ERR
Expected Reciprocal Rank
Expected Reciprocal Rank
A performance metric used in information retrieval that considers the rank position of relevant documents, providing a probability-based measure of ranking quality.
In the context of AI and information retrieval, ERR provides a nuanced approach to evaluating ranked lists of documents by calculating the expected value of the reciprocal rank of a relevant document. This metric addresses some limitations of earlier metrics like Mean Reciprocal Rank (MRR) by incorporating the probability of relevance at various ranks, offering a more sophisticated and probabilistic view of user satisfaction. It is particularly significant in situations where documents have varying levels of relevance, as it emphasizes the importance of positioning more pertinent documents higher in the list, which can directly impact user engagement and satisfaction in search engines and recommendation systems.

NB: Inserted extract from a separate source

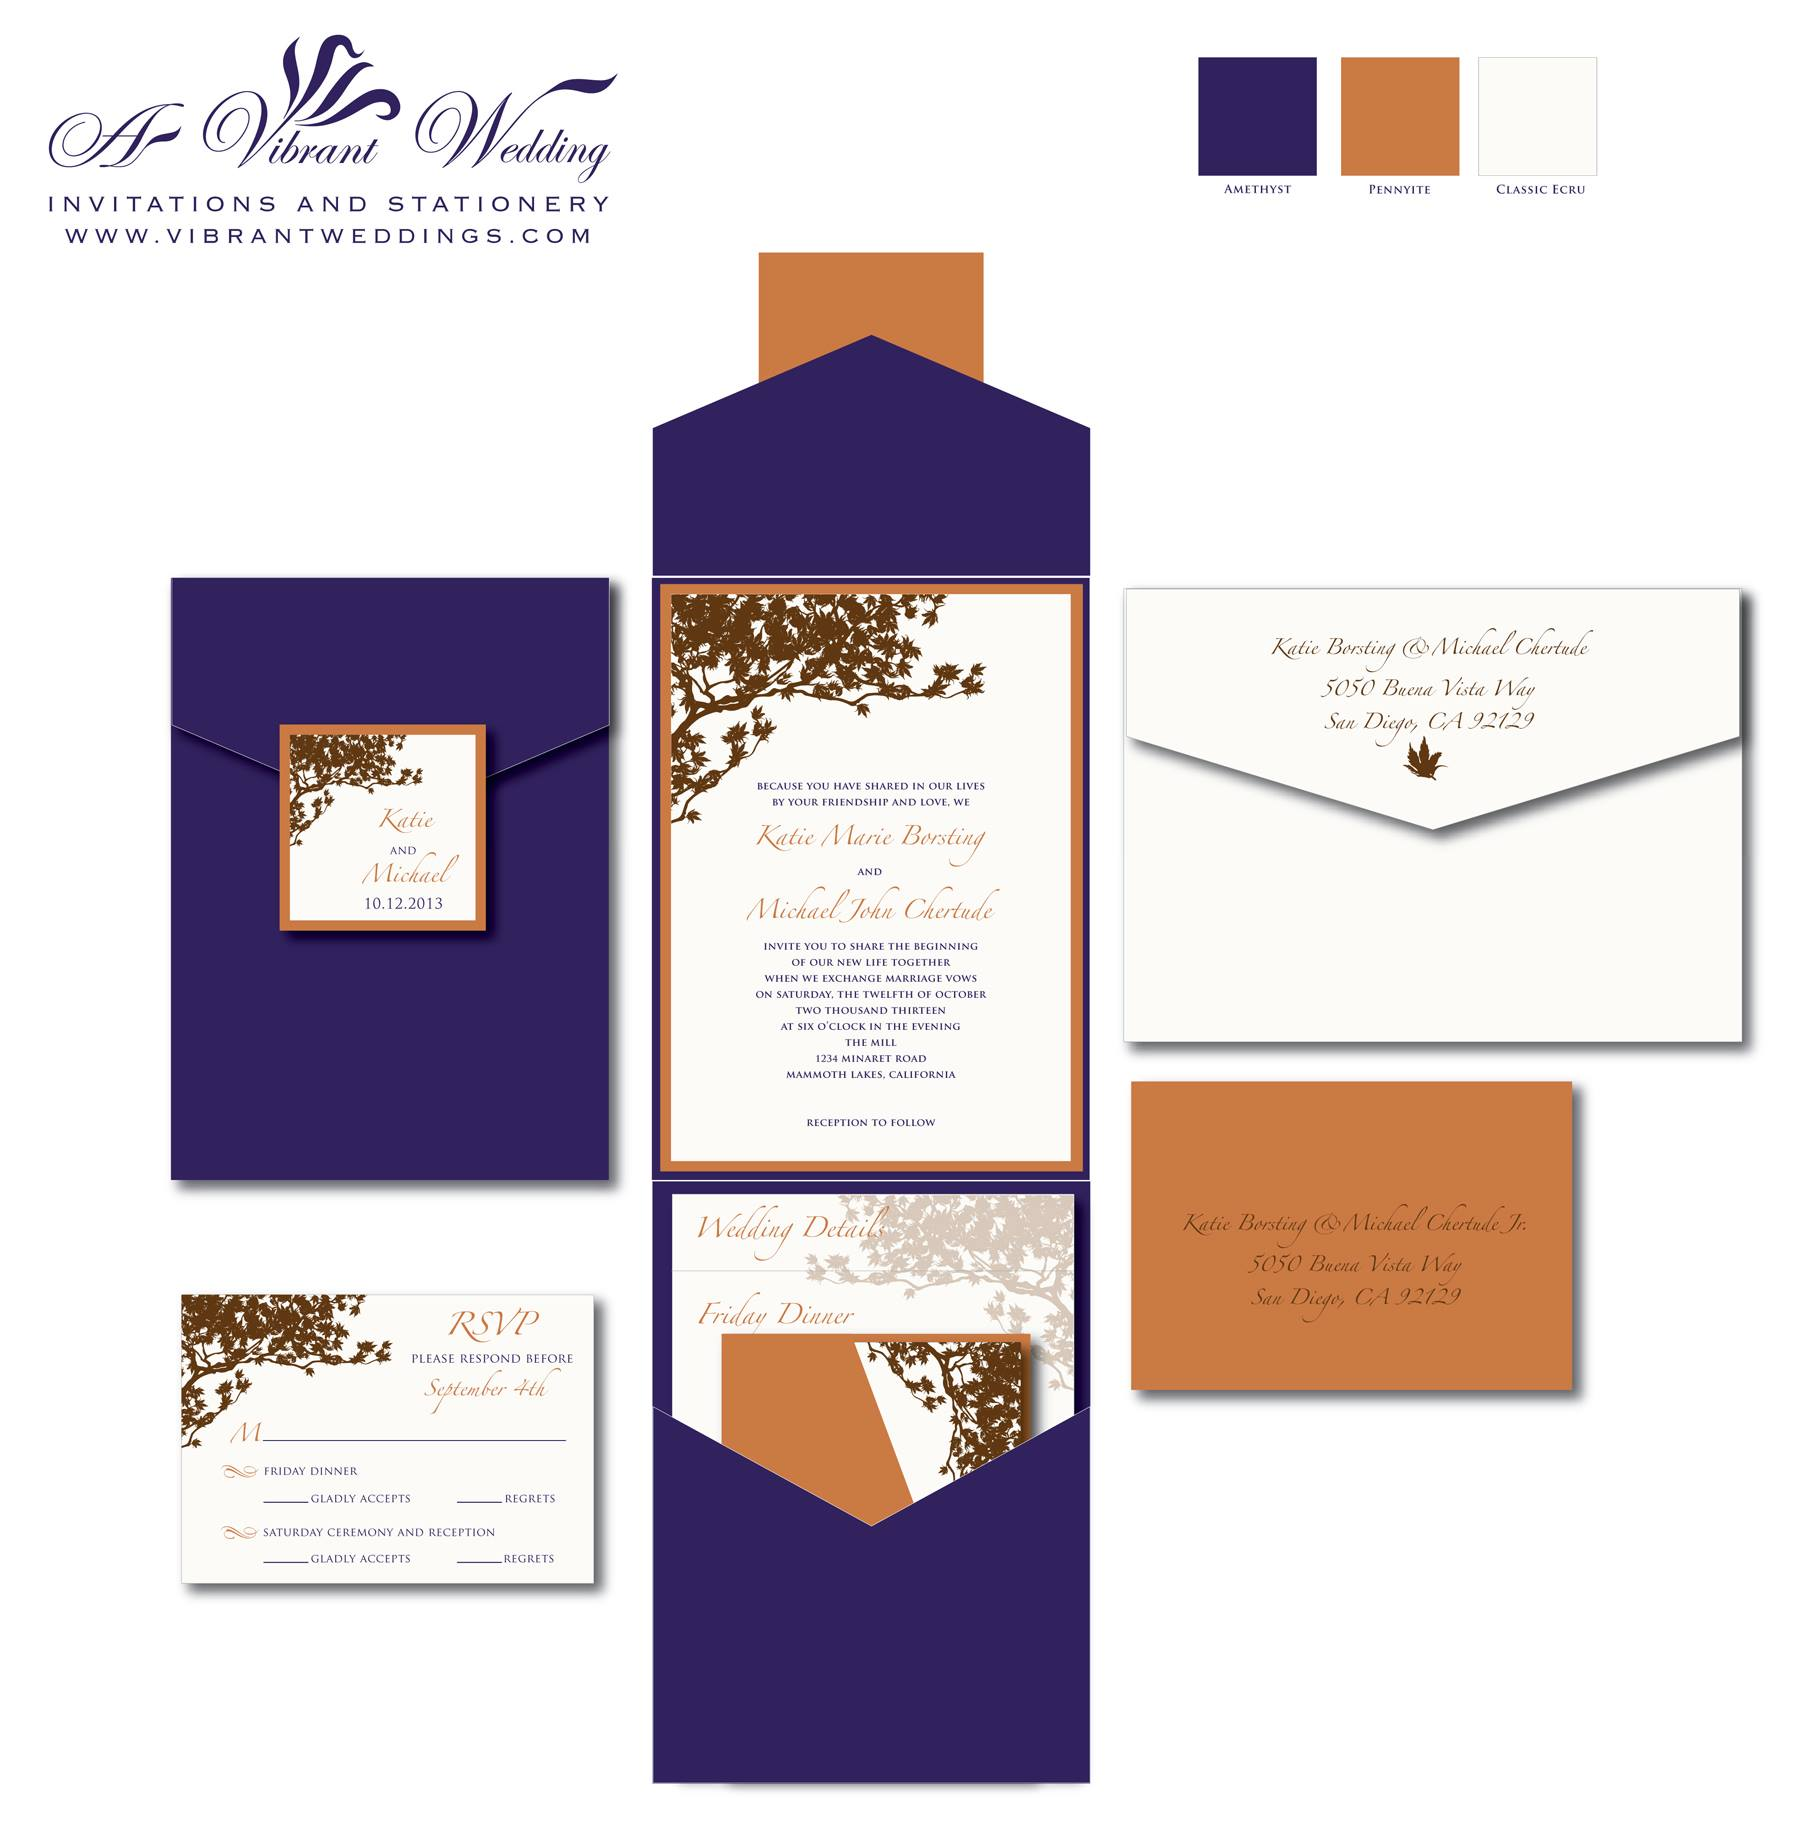 Rustic Theme Designs – A Vibrant Wedding

ERR was first proposed in 2009 and gained traction as an effective evaluation tool in the 2010s, especially as search engines and recommendation systems sought more refined metrics to measure and enhance result quality.
The concept of Expected Reciprocal Rank was primarily introduced by researchers from Yahoo! Labs, with specific contributions from Olivier Chapelle, Donald Metzler, Ya Zhang, and Pierre Grinspan, who developed and formalized this metric within the context of information retrieval systems.